Distribution of virulence factors, determinants of antibiotic resistance and molecular fingerprinting of Salmonella species isolated from cattle and beef samples: suggestive evidence of animal-to-meat contamination

  • Beauty Sicelo Dlamini
  • Peter Kotsoana Montso
  • Ajay Kumar
  • Collins Njie Ateba
Research Article


In this study, three hundred presumptive Salmonella strains isolated from cattle faeces and raw beef samples were subjected to both preliminary and confirmatory tests specific for Salmonella. PCR assays revealed that 100%, 20% and 26.7% of the isolates were positive for 16S rRNA, fliC and fljB gene fragments, respectively. Large proportions (62.4 to 94.3%) of these isolates were multiple antibiotic resistant (MAR) strains that were resistant to three or more antibiotics belonging to different classes. MAR phenotypes Ab1, Ab2, Ab3, Ab7, Ab8, Ab9, Ab26 and Ab27 were dominant among the isolates. Cluster analysis of antibiotic inhibition zone diameter data revealed two major clusters (clusters 1 and 2), and each cluster contained two sub-clusters (1A, 1B, 2A and 2B). PCR data revealed that 27.1% and 30.7% of the isolates possessed the spvC and invA virulent genes, respectively. There was a significant correlation between the possession of MAR phenotypes and virulent gene determinants. Analysis of restriction fragment length polymorphism (RFLP) of 16S rRNA gene fragments using EcoRI and HaeIII showed that large proportions of isolates from beef and cattle faeces produced similar genetic fingerprints. From these results, it is suggested that Salmonella species in cattle are transmitted to beef and, therefore, the consumption of undercooked beef could pose severe health complications on consumers. These findings provide baseline data that could be of great epidemiological importance and, thus, the need to utilise more sensitive typing tools in determining the genetic relatedness of isolates from different sources.

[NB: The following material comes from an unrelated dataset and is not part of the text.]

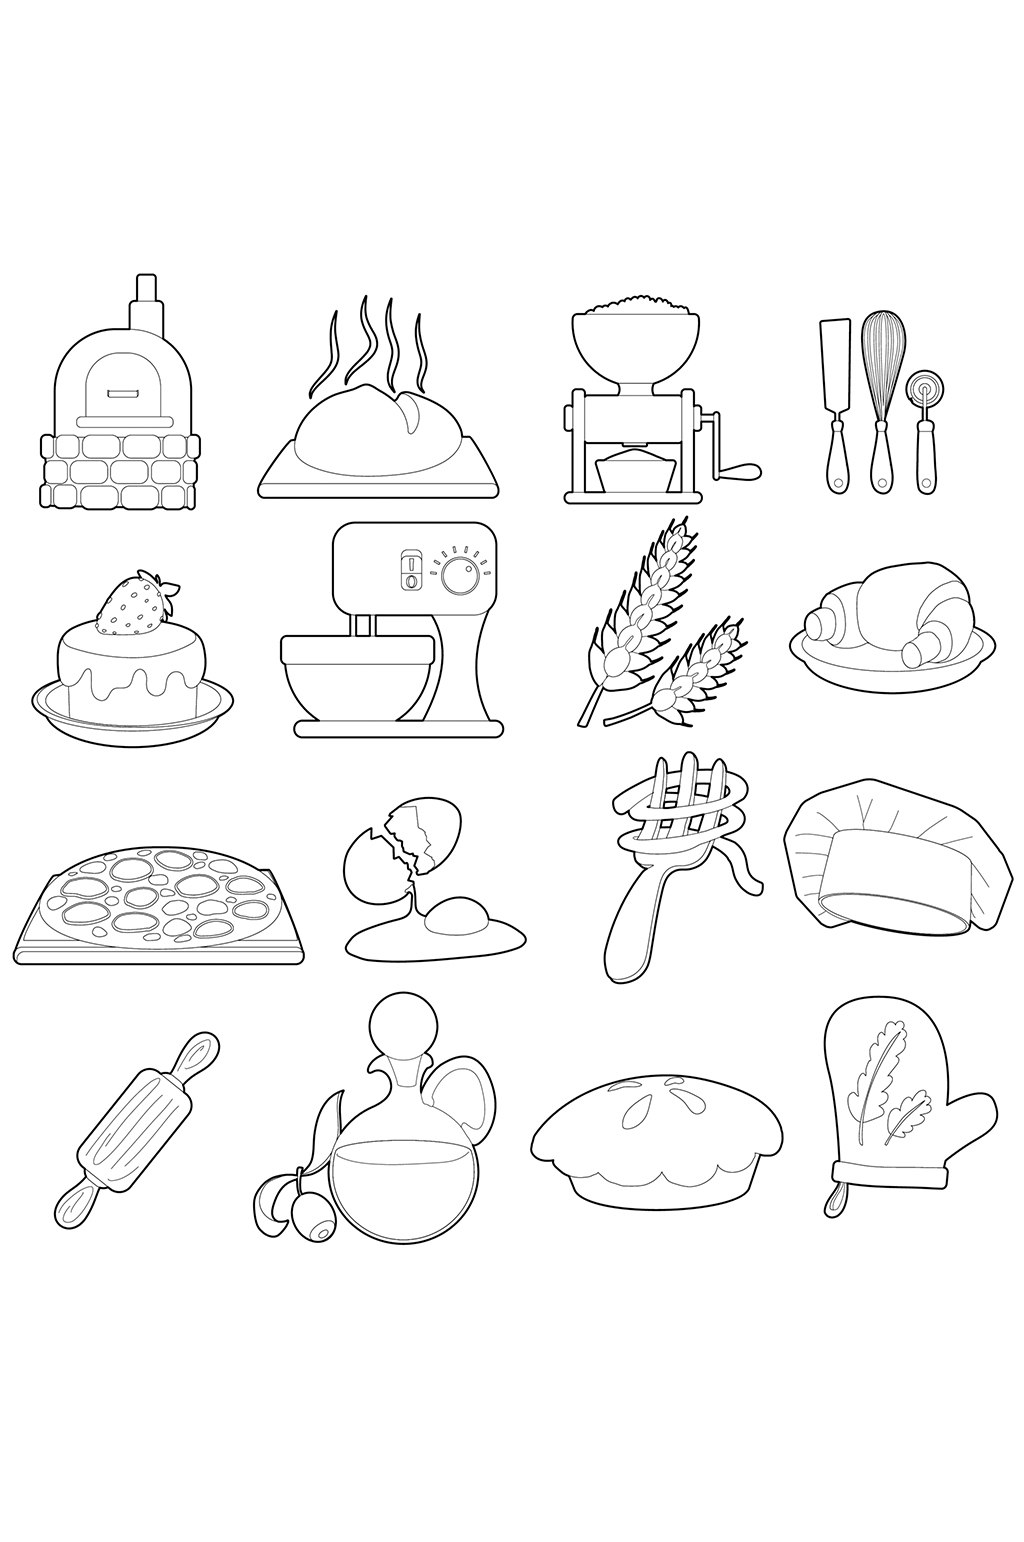 面包店生产图标设置概述16个面包店

Antibiotic resistance 16S rRNA gene fljB gene fliC gene RFLP Salmonella Virulence genes (spvC and invA) 



This study was supported by the North-West University, Mafikeng Campus, South Africa. We are grateful to the National Research Foundation for the postgraduate bursary that was awarded to Mr. SB Dlamini. We also wish to thank Mr. BJ Morapedi for his assistance during the collection of samples.

Compliance with ethical standards

Application for ethical clearance for this study was requested and obtained from the Mafikeng Animal Research Ethics Committee (MAREC), North-West University, and ethics approval with ID (NWU-00066-15-S9) was granted for the research to be conducted.

Conflict of interest

The authors declare that they have no conflict of interest.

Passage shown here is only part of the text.